Write out exactly the lines running from the one with "182.88h x 152.40w" to the end of the data, including both of those lines and excluding pictures.

**** Available data

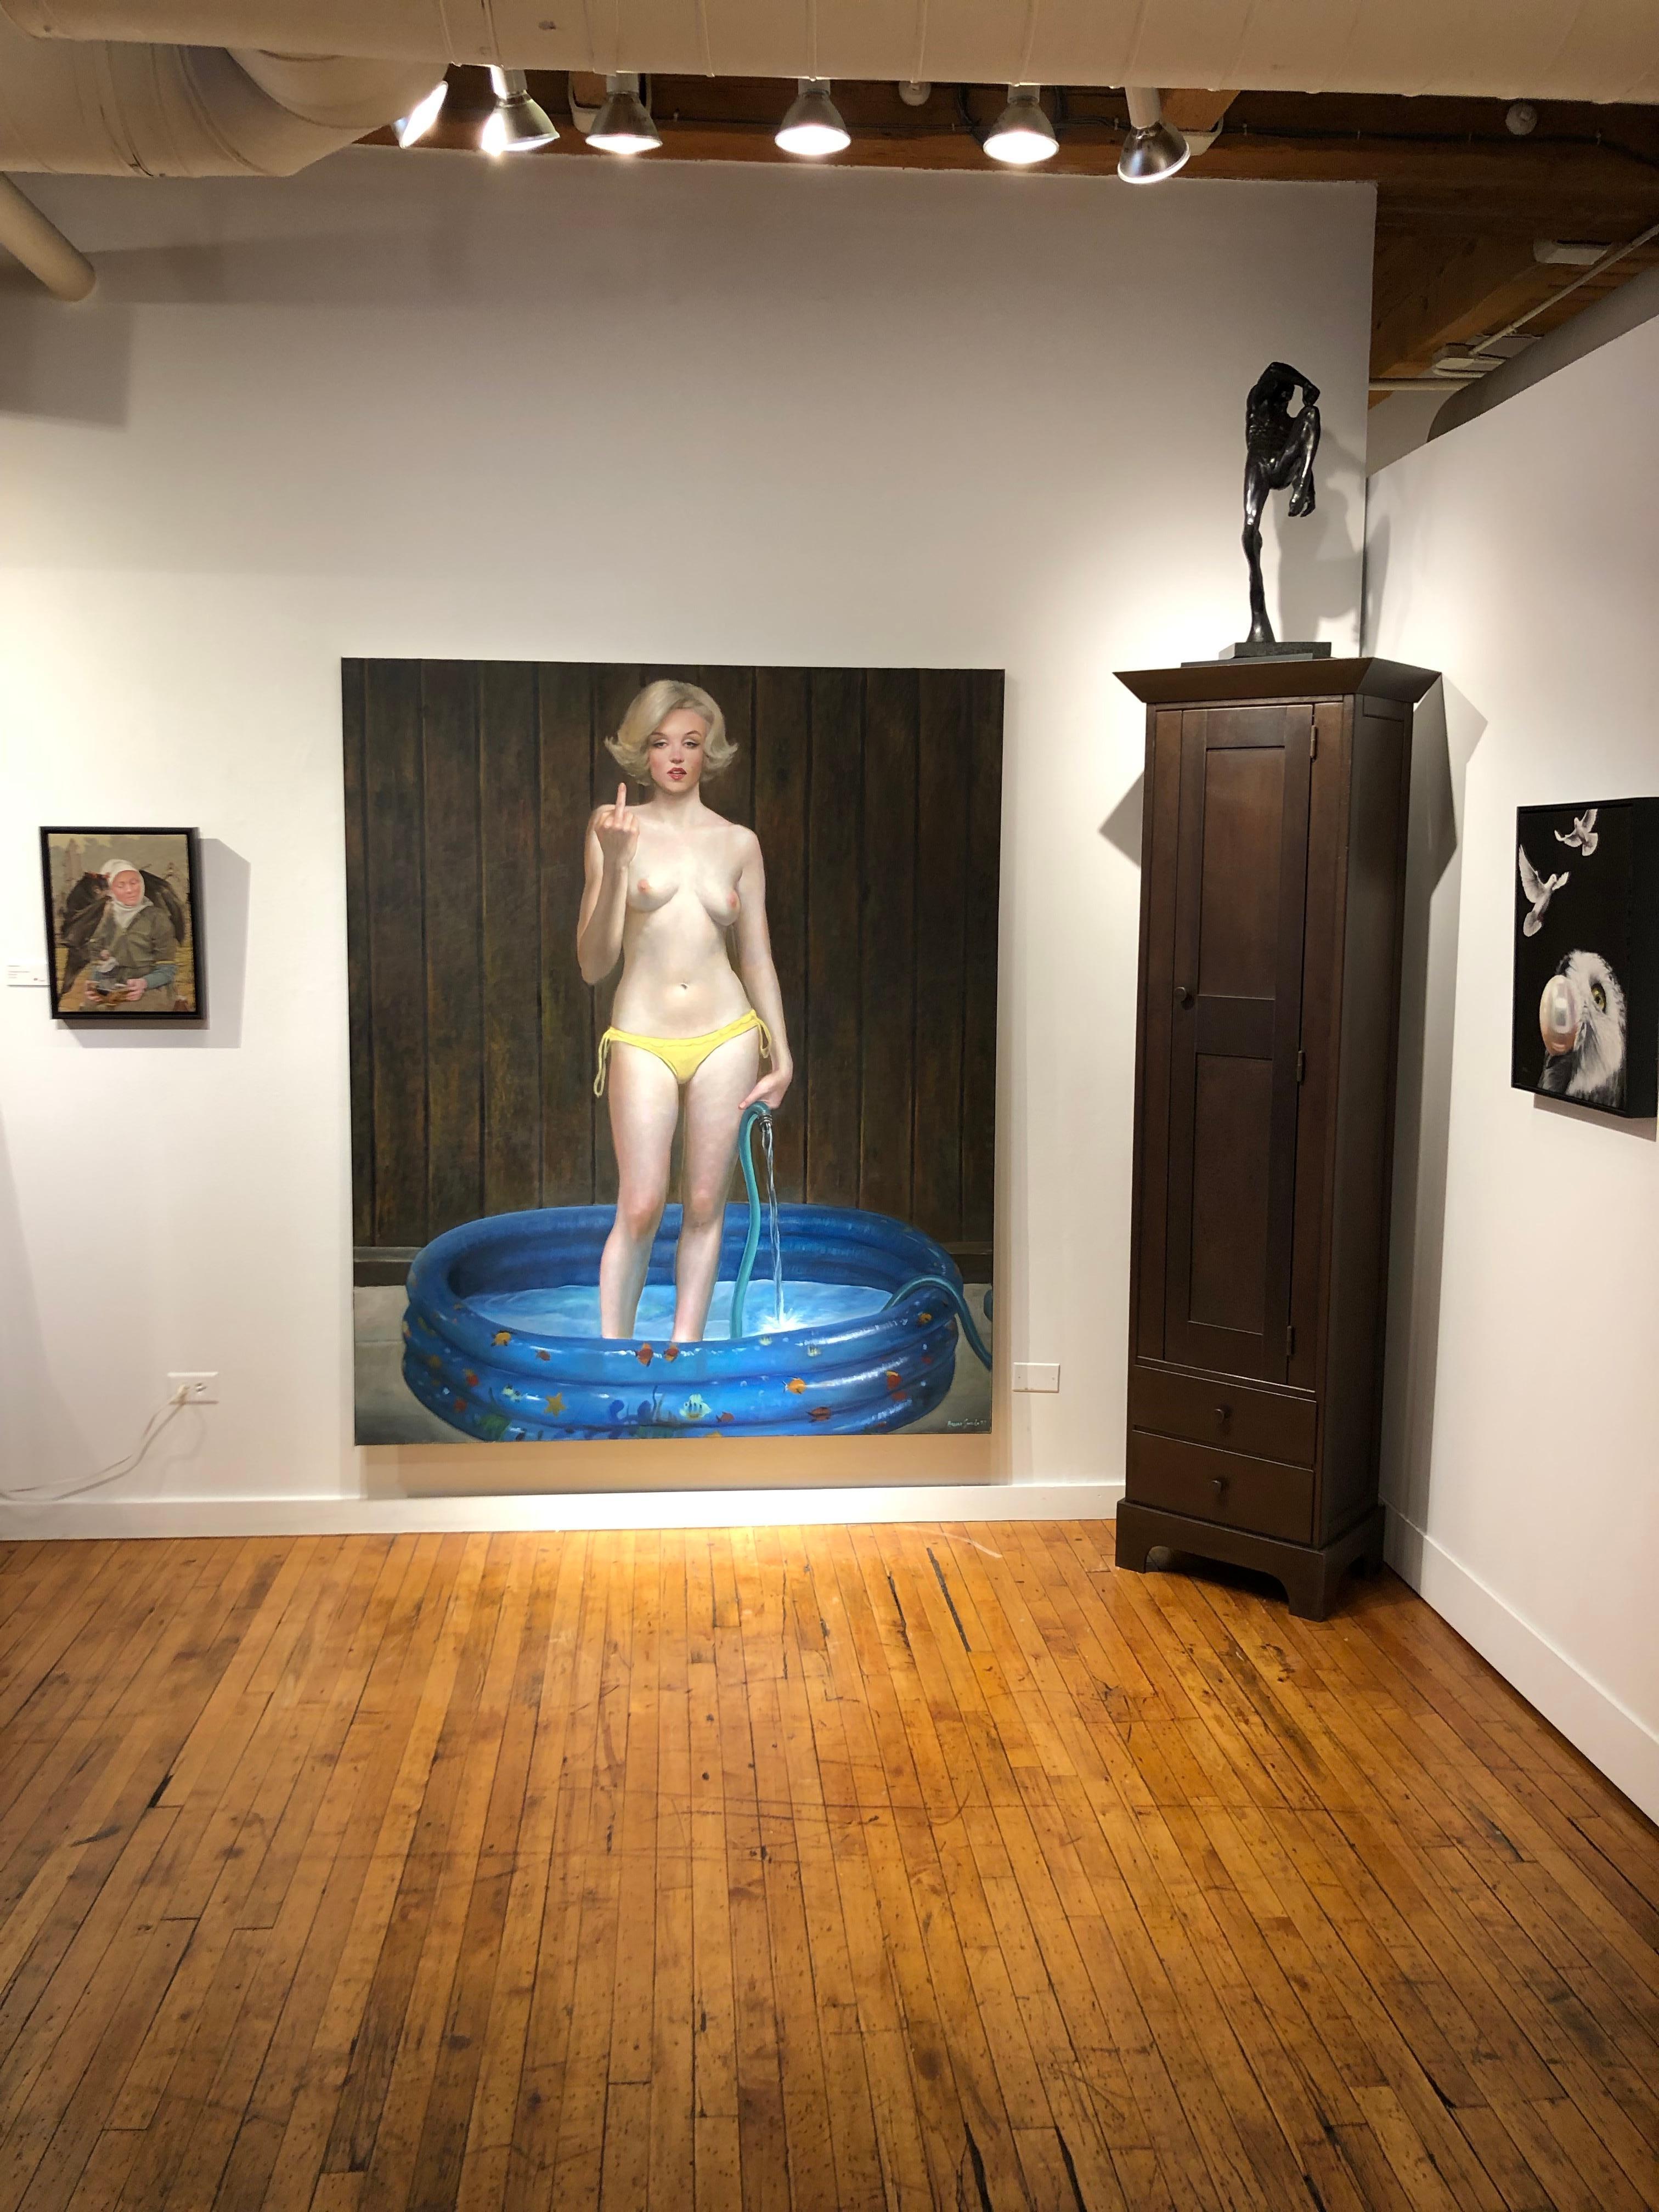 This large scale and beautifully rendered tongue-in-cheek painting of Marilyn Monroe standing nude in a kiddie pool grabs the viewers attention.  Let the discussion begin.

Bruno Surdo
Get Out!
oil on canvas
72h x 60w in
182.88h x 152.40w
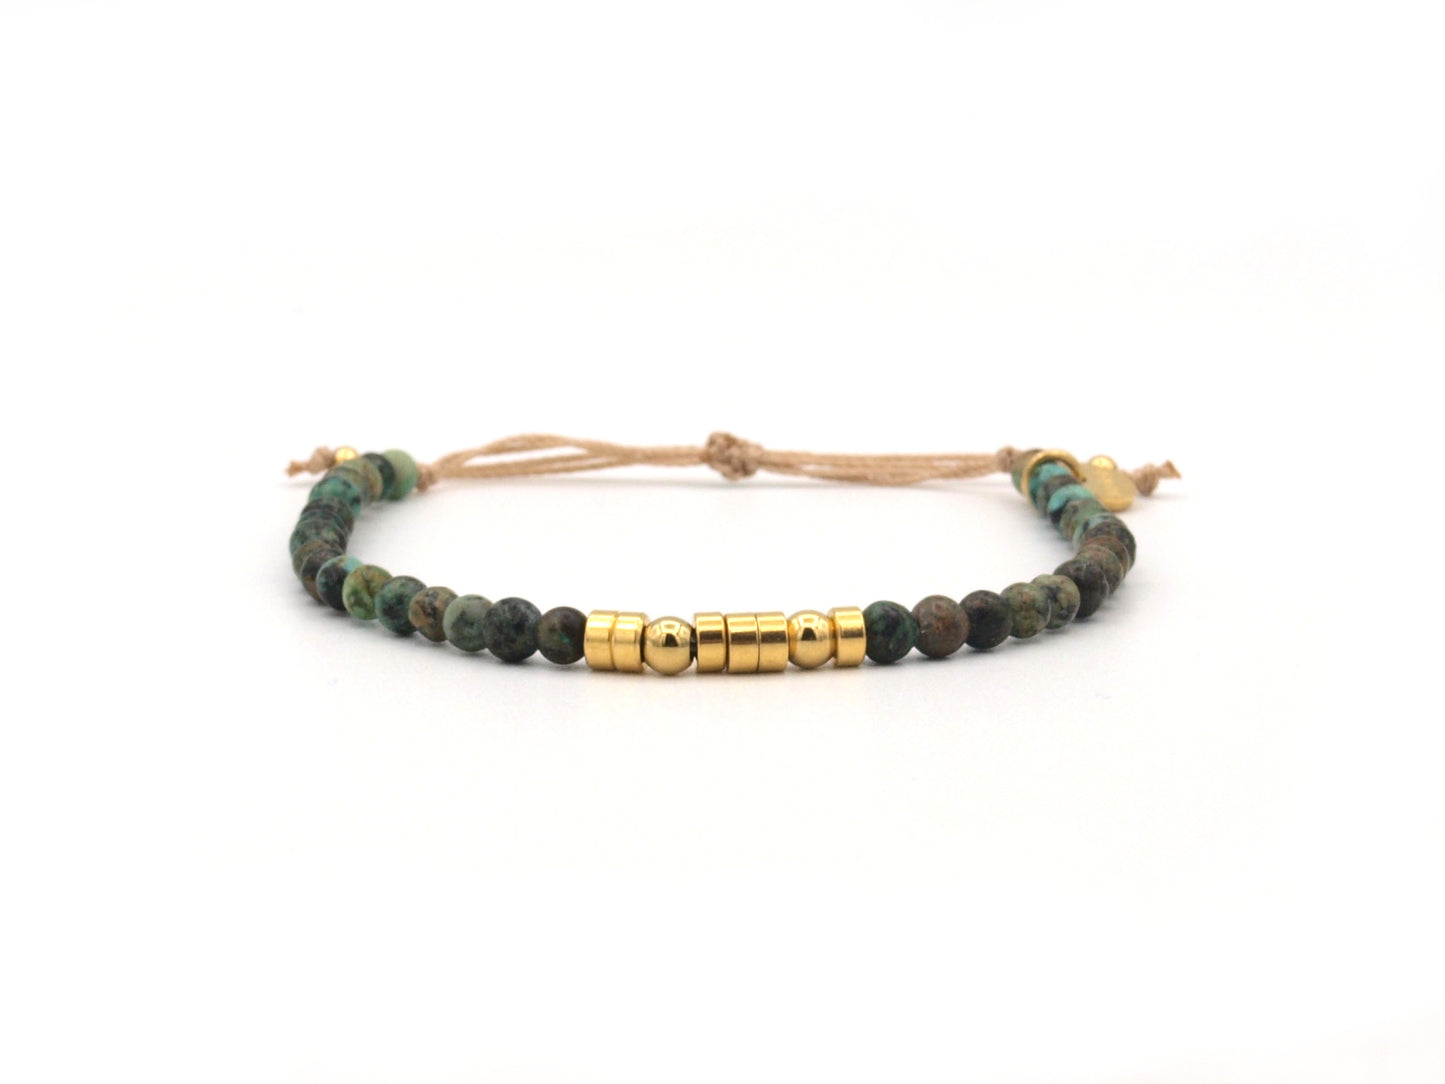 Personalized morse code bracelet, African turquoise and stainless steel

********

**Task output**
182.88h x 152.40w
 Personalized morse code bracelet, African turquoise and stainless steel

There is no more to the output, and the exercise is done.